Malgré les apparences, ils ne sont pas opposés, de même que vie et mort ne sont pas le contraire l'une de l'autre, mais les deux polarités qui vivent en chaque homme. Il ne s'agit pas d'une dualité, qui exprimerait un conflit, mais bien d'une polarité, d'une complémentarité nécessaire à l'équilibre du soi.
En tant qu'être humain, il nous est parfois difficile d'accepter la réalité de la pulsion destructrice qui nous habite et nous avons plutôt tendance à la conserver dans un déni, appuyé par les philosophies "new-age" récentes qui s'inscrivent dans une volonté de lumière, oublieuses de l'ombre sans laquelle la lumière ne serait pas.
En période d'euphorie, nous sommes irrésistiblement attirés par la lumière alors qu'en période de crise nous lui tournons le dos et même ne la voyons plus, jusqu'à parfois la nier. C'est alors que désespoir et souffrance nous envahissent. Or, la douleur et le conflit ne surviennent que dans l'oubli de la polarité, invisible certes, mais bien vivante. Si je suis dans le doute, je sais que la certitude est là aussi, à l'autre bout de moi-même; si j'ai mal, je sais que la sérénité est aussi présente, même si je ne la ressens pas. Cette prise de conscience, apparemment très mentale, dépasse largement les limites de l'intellect. Lorsque le ciel est gris cela ne signifie pas que le soleil a disparu, c'est juste que nous le voyons pas...Bleu et gris co-existent. Lorsque je regarde la vie à l'aune de mon abattement, de mon pessimisme, je n'en vois que les nuages, ce qui ne signifie pas que le ciel ne soit pas bleu derrière.
Mes émotions peuvent me porter à poser un regard sombre sur les choses, et je peux, en même temps, entendre, sentir, la lumière, qui est au-delà de mes émotions. En même temps...je ne répète pas ces trois mots à longueur de posts par hasard...ils expriment pour moi-même l'existence permanente de ces polarités du vivant.
La réalité d'Eros et Thanatos se situe là pour moi: non pas dans le regard que je pose, qui dépend uniquement de mes croyances, de mes émotions, de mon histoire, de mes mémoires, en d'autres termes de mon ego, mais dans ma conviction sensible, vécue, ressentie, que ce n'est pas parce que je ne perçois pas que ça n'existe pas. Dans tout mon être je ressens la globalité de qui je suis, un pont entre ici et là-bas, hier et demain; je suis l'instant présent, éternellement renouvelé. Les concepts d'Eros et Thanatos sont alors dissous dans l'immédiateté de qui je suis.
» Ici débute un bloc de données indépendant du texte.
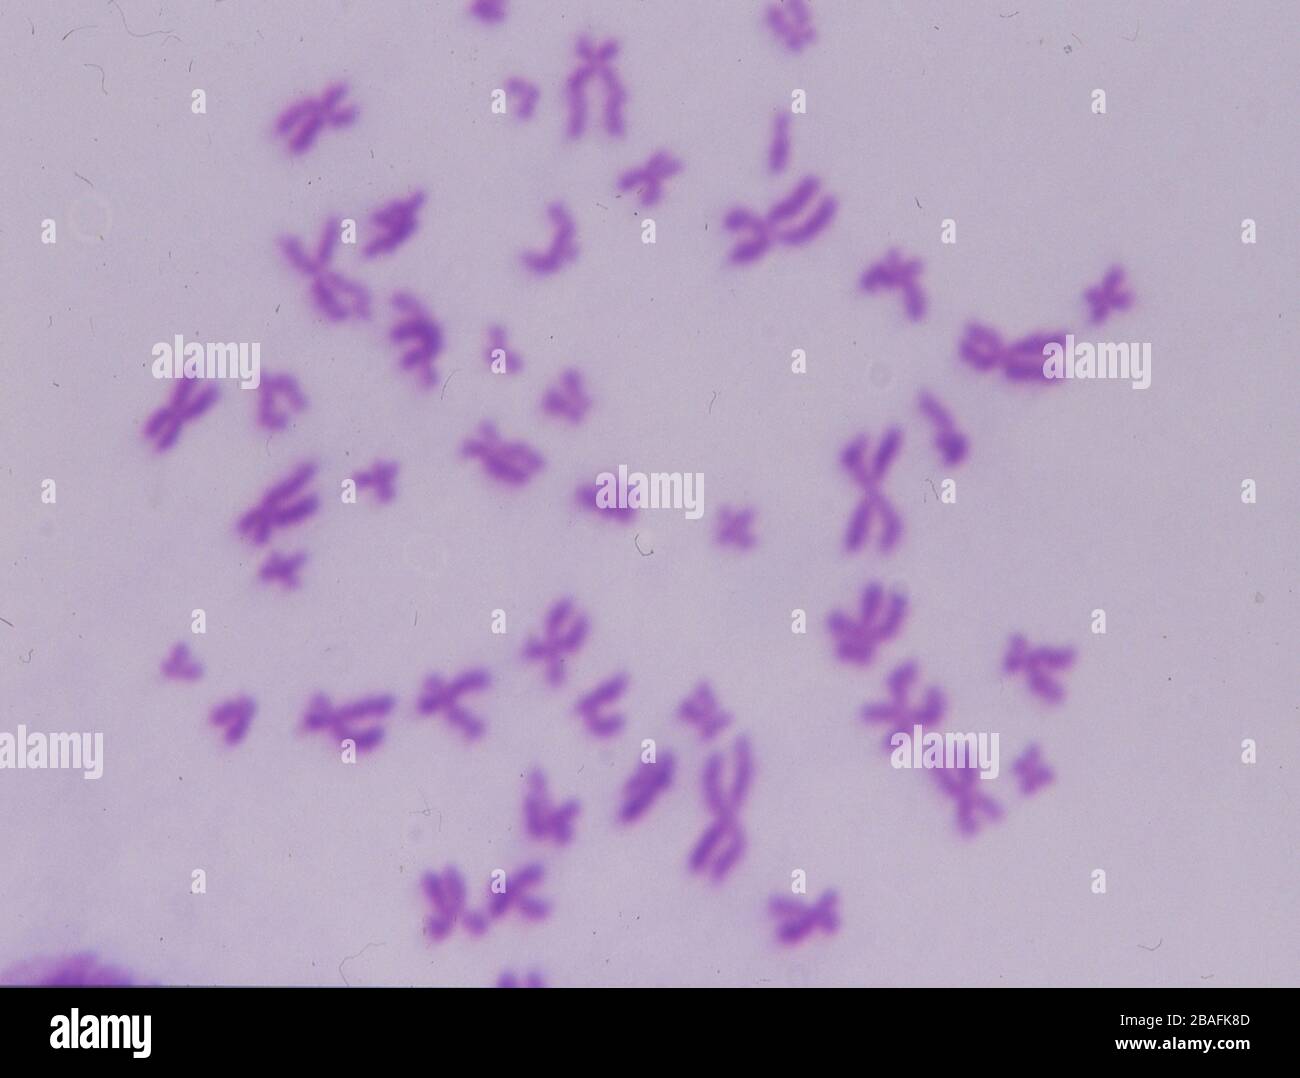 chromosomes of humans Stock Photo

Lorsque je regarde la vie avec les yeux de Thanatos, je n'y vois en effet que l'horreur ambiante de la faim, des cataclysmes, des guerres, et non seulement la destruction autour de moi mais celle que je génère; lorsque qu'Eros m'envahit, je ne vois plus rien de tout cela, qui continue pourtant d'exister.
Il est important également de noter que bien souvent nous ne remarquons Thanatos qu'à l'extérieur de nous-mêmes et Eros à l'intérieur; or, ne l'oublions pas, tout ce qui est dehors est dedans et tout ce qui est dedans est dehors. Dans notre interaction avec la vie, il n'y a d'extérieur et d'intérieur que l'apparence.
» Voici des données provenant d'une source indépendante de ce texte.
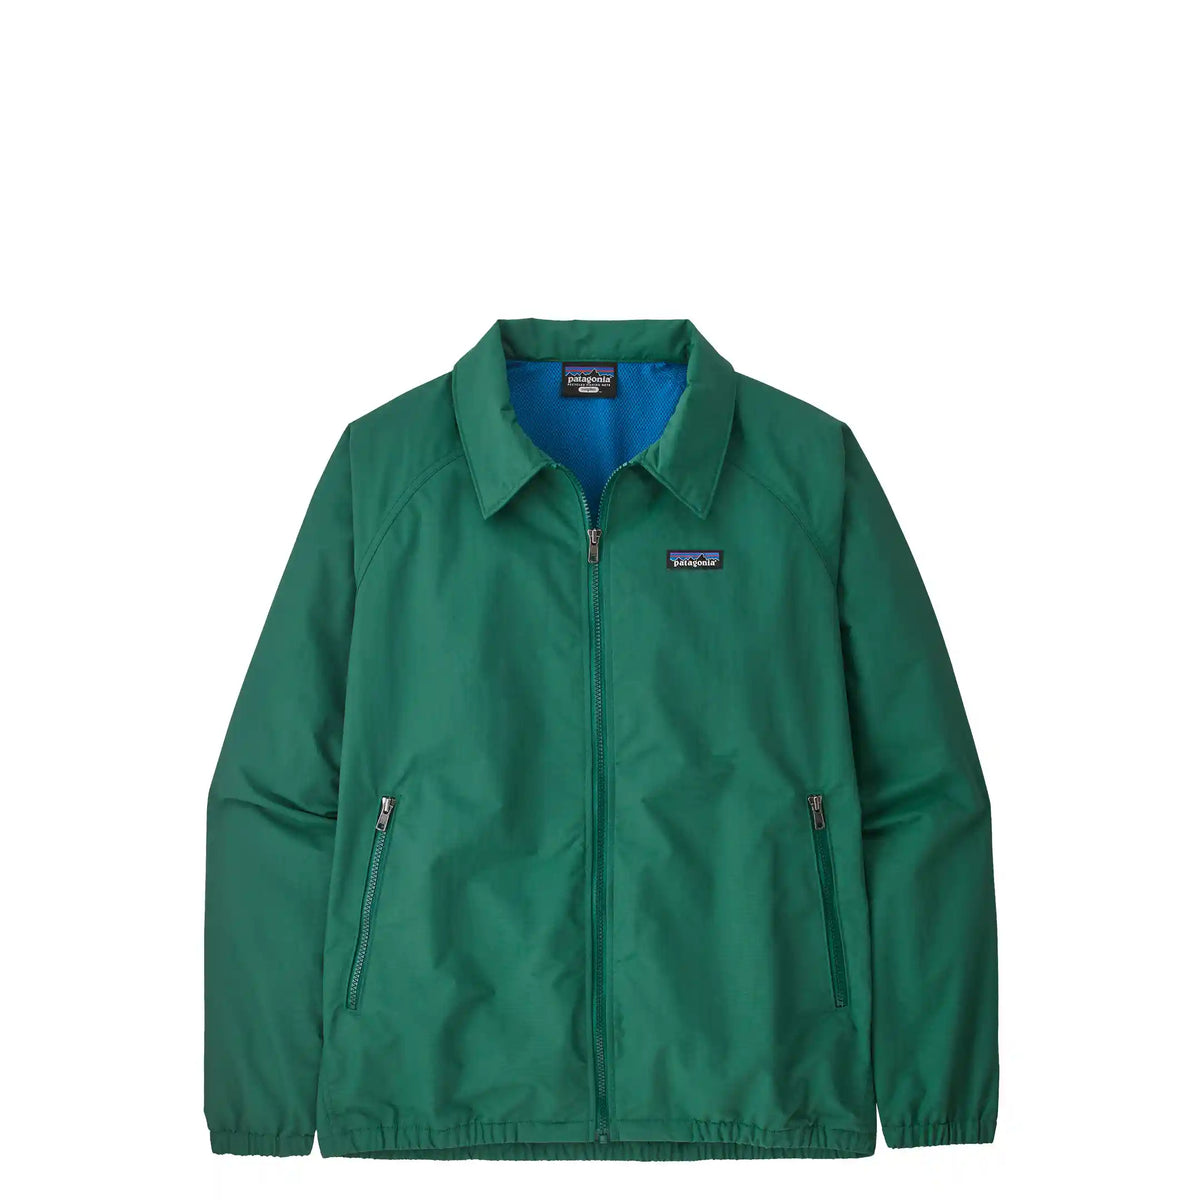 Patagonia Baggies Jacket, conifer green, 28152-cifg – Norwood

Gardons-nous donc de nous identifier à l'un ou à l'autre: nous ne sommes ni l'un ni l'autre, ni Eros ni Thanatos. Et...et....ni...ni Si nous sommes porteurs de l'un et de l'autre, alors nous ne sommes ni l'un ni l'autre...
Nous sommes là, loin des pulsions freudiennes, dans une vision plus holistique de la vie, où nous sommes tout et rien à la fois, et le pont qui les relie.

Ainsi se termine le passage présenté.